Самая общеупотребительная мера земли, югер (jugerum), предположительно представляла собой площадь, которую парная упряжка волов (jugum) могла вспахать за день, и составляла 5/8 от акра, или 0,252 га, или 2519 кв. м.
Пшеница, соль и подобные продукты, а также жидкости измерялись модиями (modius), почти равными 2 галлонам, или 8,754 л (1 галлон равен 71/3 пинты), и состоящими из 16 римских пинт, секстарий (sextarius) [12]12
Секстарий равен 1/6 конгия, т. е. 0,547 л.
[Закрыть], поэтому британская пинта приблизительно равна римской.
ОБРАЗОВАНИЕ ВЫСШЕЙ СТУПЕНИ
Вряд ли много времени могло быть потрачено на таблицы мер и весов в школе грамматика, поскольку ее основной и единственной практической целью было подготовить мальчиков к более высокой ступени обучения у педагога ораторского искусства – ритора. Такое образование высшей ступени ценилось, потому что было средством достижения успешной карьеры адвоката в суде и, таким образом, путем в сферу политики и управленческого аппарата. Немногие римляне извлекали пользу только из знаний литературы. Они завоевали мир, не полагаясь на риторику, литературу, философию, астрономию, греческую поэзию и драму, поэтому сначала любое предложение, что римским юношам следует их изучать, встречалось с хмурым неодобрением. Однако потребности империи и международной торговли росли, и необходимость в знании греческого языка становилась настоятельной.
Греческий был не только ключом к сокровищнице мысли, образования и науки, чего нельзя сказать о каком-либо другом языке; он также был языком, посредством которого римлянам приходилось общаться с провинциями, завоеванными их армиями в Южной Италии и Сицилии и в странах Восточного Средиземноморья. Более того, греческий был общим универсальным языком торговли и деловых контактов в Египте и конечно же в самой Греции. Таким образом, знание греческого стало признаком некого социального различия, как прежде знание французского языка было отличительной чертой аристократа в XVIII или в начале XIX века в Англии или России или как знание английского языка распространилось среди образованных классов в XIX веке в Индии, Бирме и на Цейлоне.

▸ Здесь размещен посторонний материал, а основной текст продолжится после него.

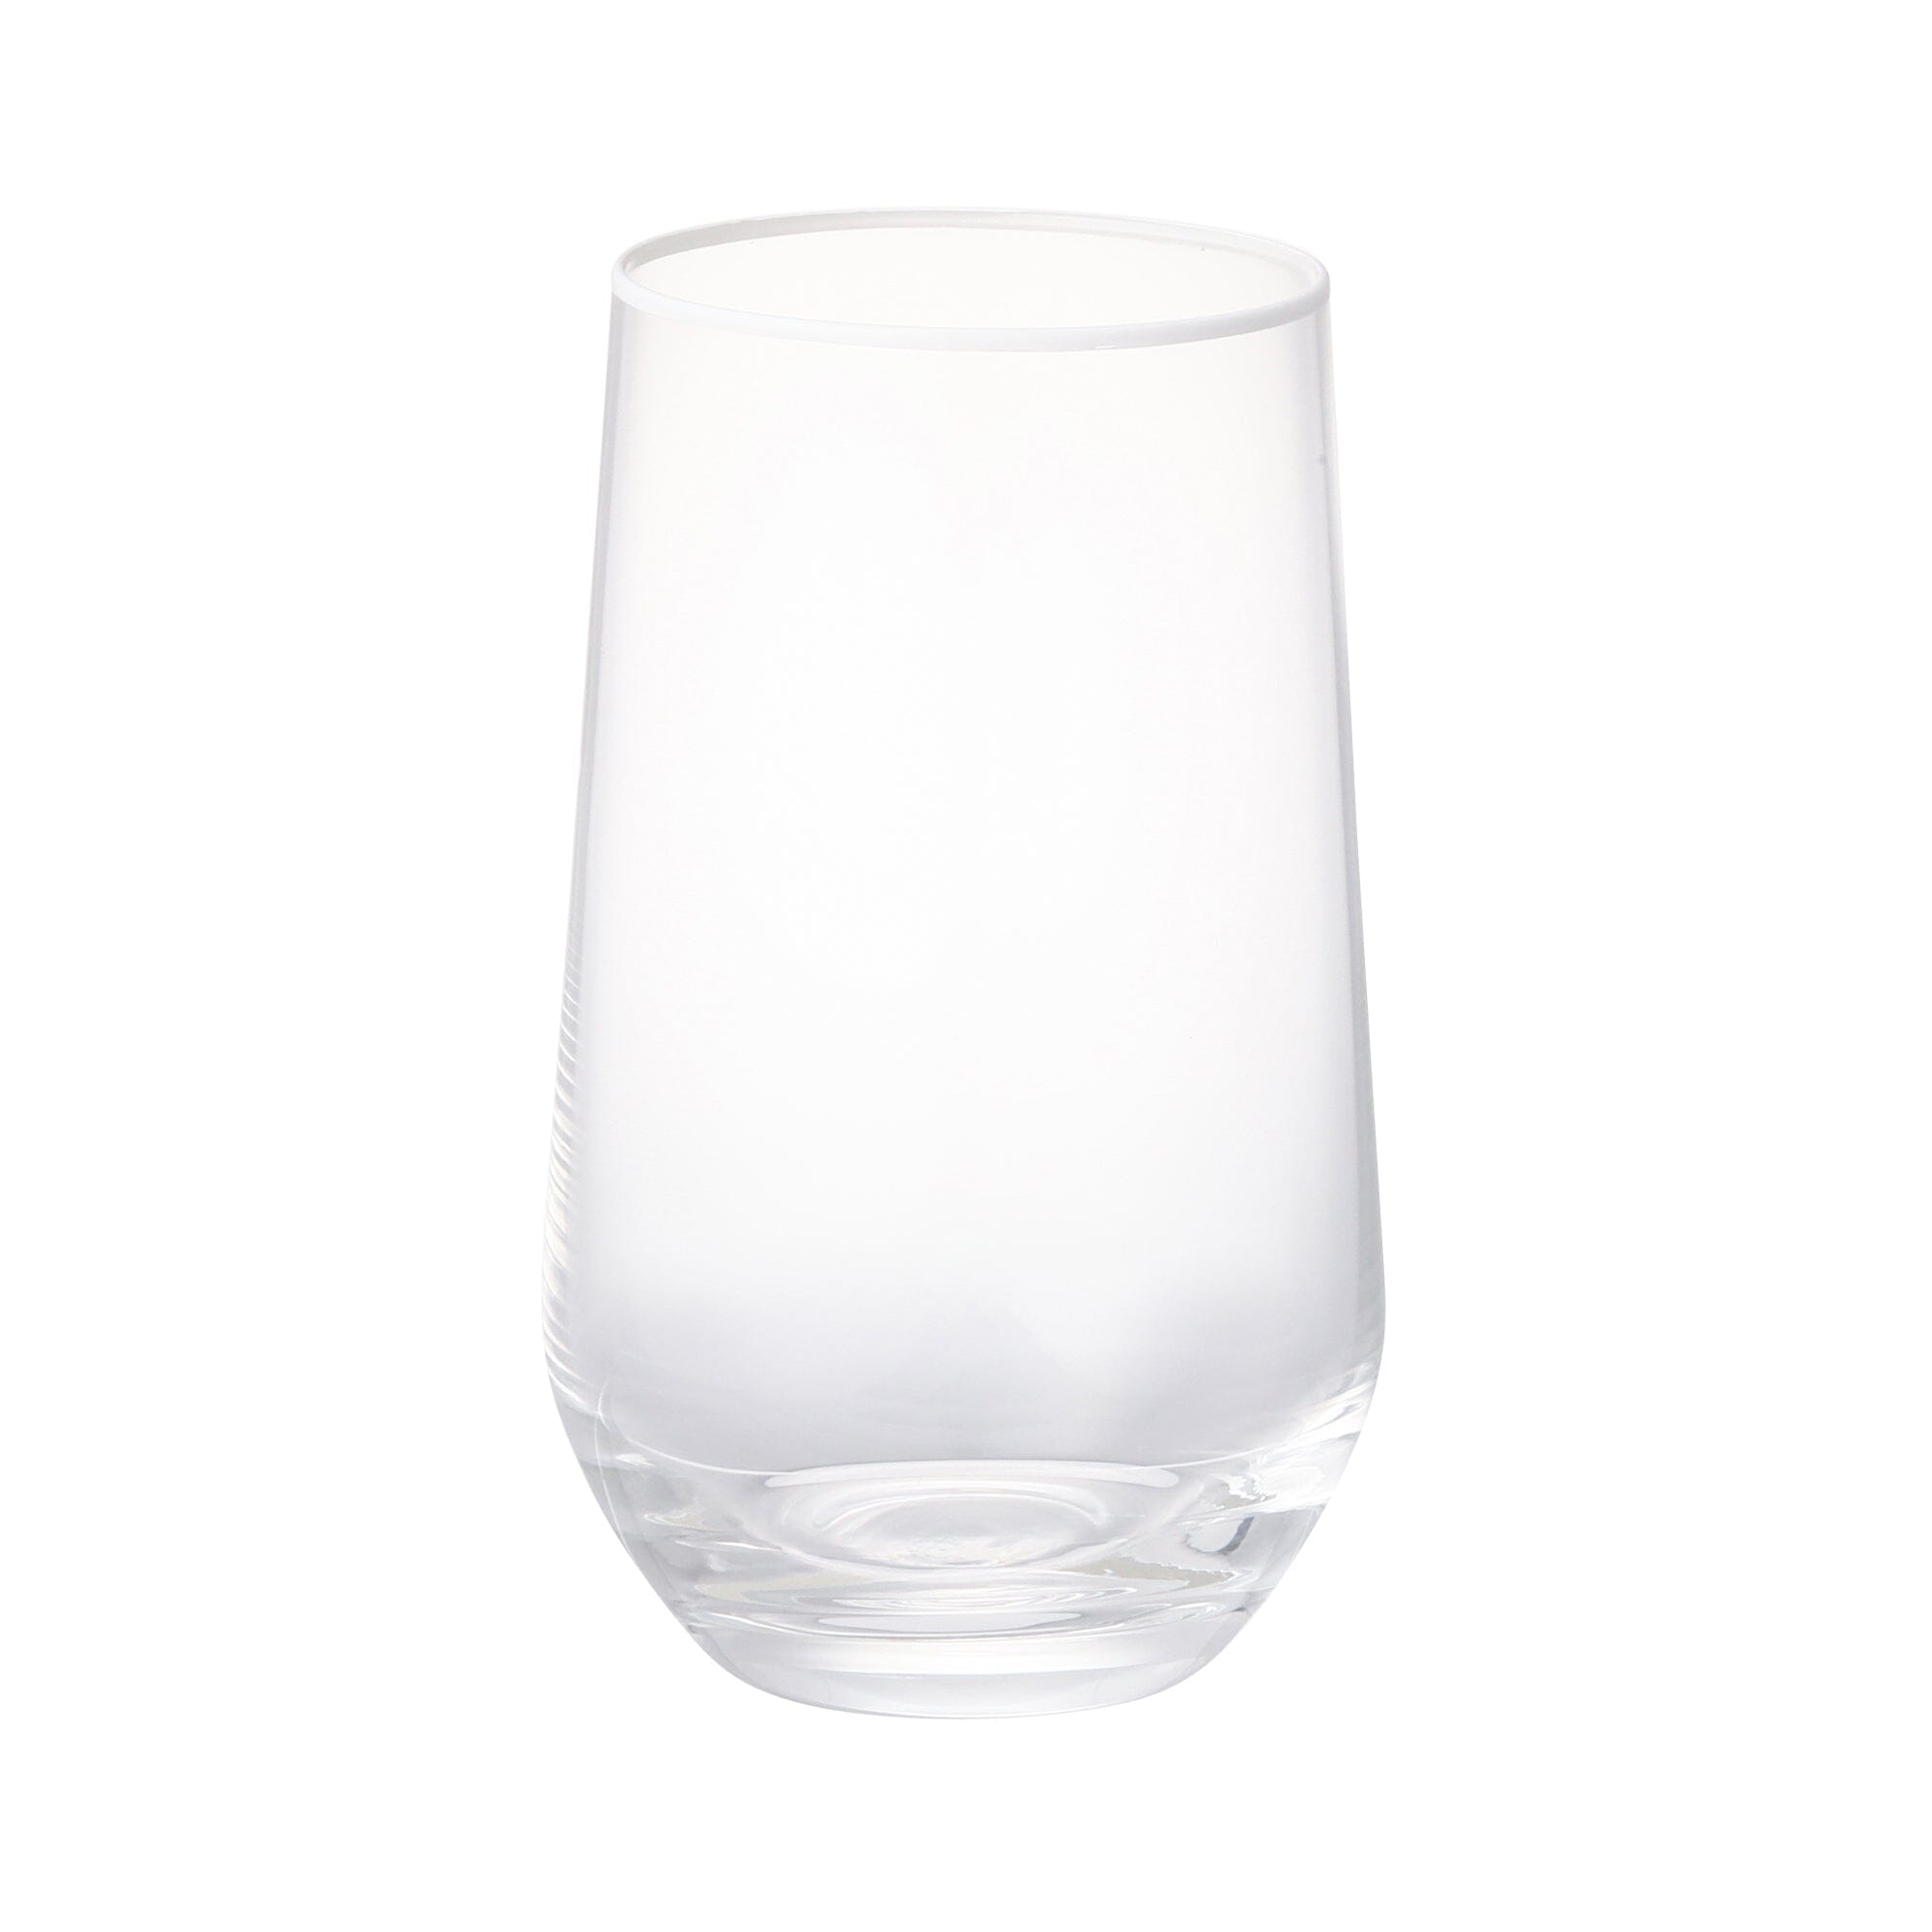 COLORRIM 高身水杯2件透明
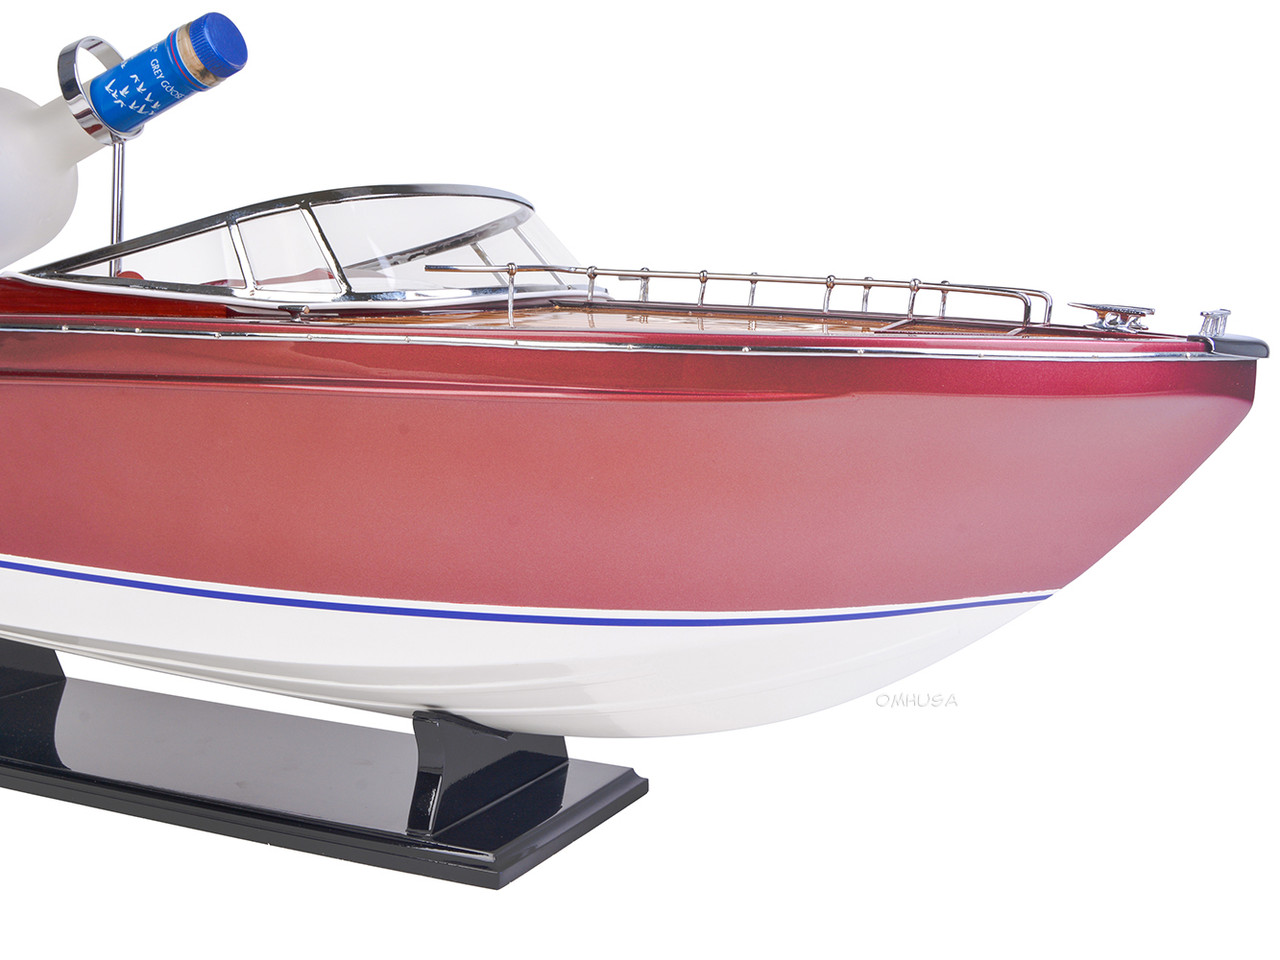 Riva Rivarama Wine Holder Speed Boat Model Italian Yacht

Следовательно, образованным римлянам, в отличие от греков и большинства древних народов, приходилось учить второй язык. Конкуренция за преуспевание в общественной жизни была такова, что продолжительное и старательное обучение было необходимостью. Это означало, что только богатые семьи могли отправить своих мальчиков в школу более высокого уровня овладевать ораторским искусством с элегантностью и истинной убедительностью. Фиксированного возраста для такой перемены не было, поэтому простая формула Квинтилиана, что мальчику следовало закончить обучение у грамматика и отправляться изучать риторику, «как только он к этому готов», видимо, была не столь уж и плоха. «...К этим учителям поступают взрослые мальчики, и у них продолжают учиться те, кто уже стал юношами; поэтому надо обращать особенное внимание на то, чтобы учитель мог, в силу своей нравственной чистоты, охранять от обид более нежный возраст и своим авторитетом удерживать распущенную молодежь».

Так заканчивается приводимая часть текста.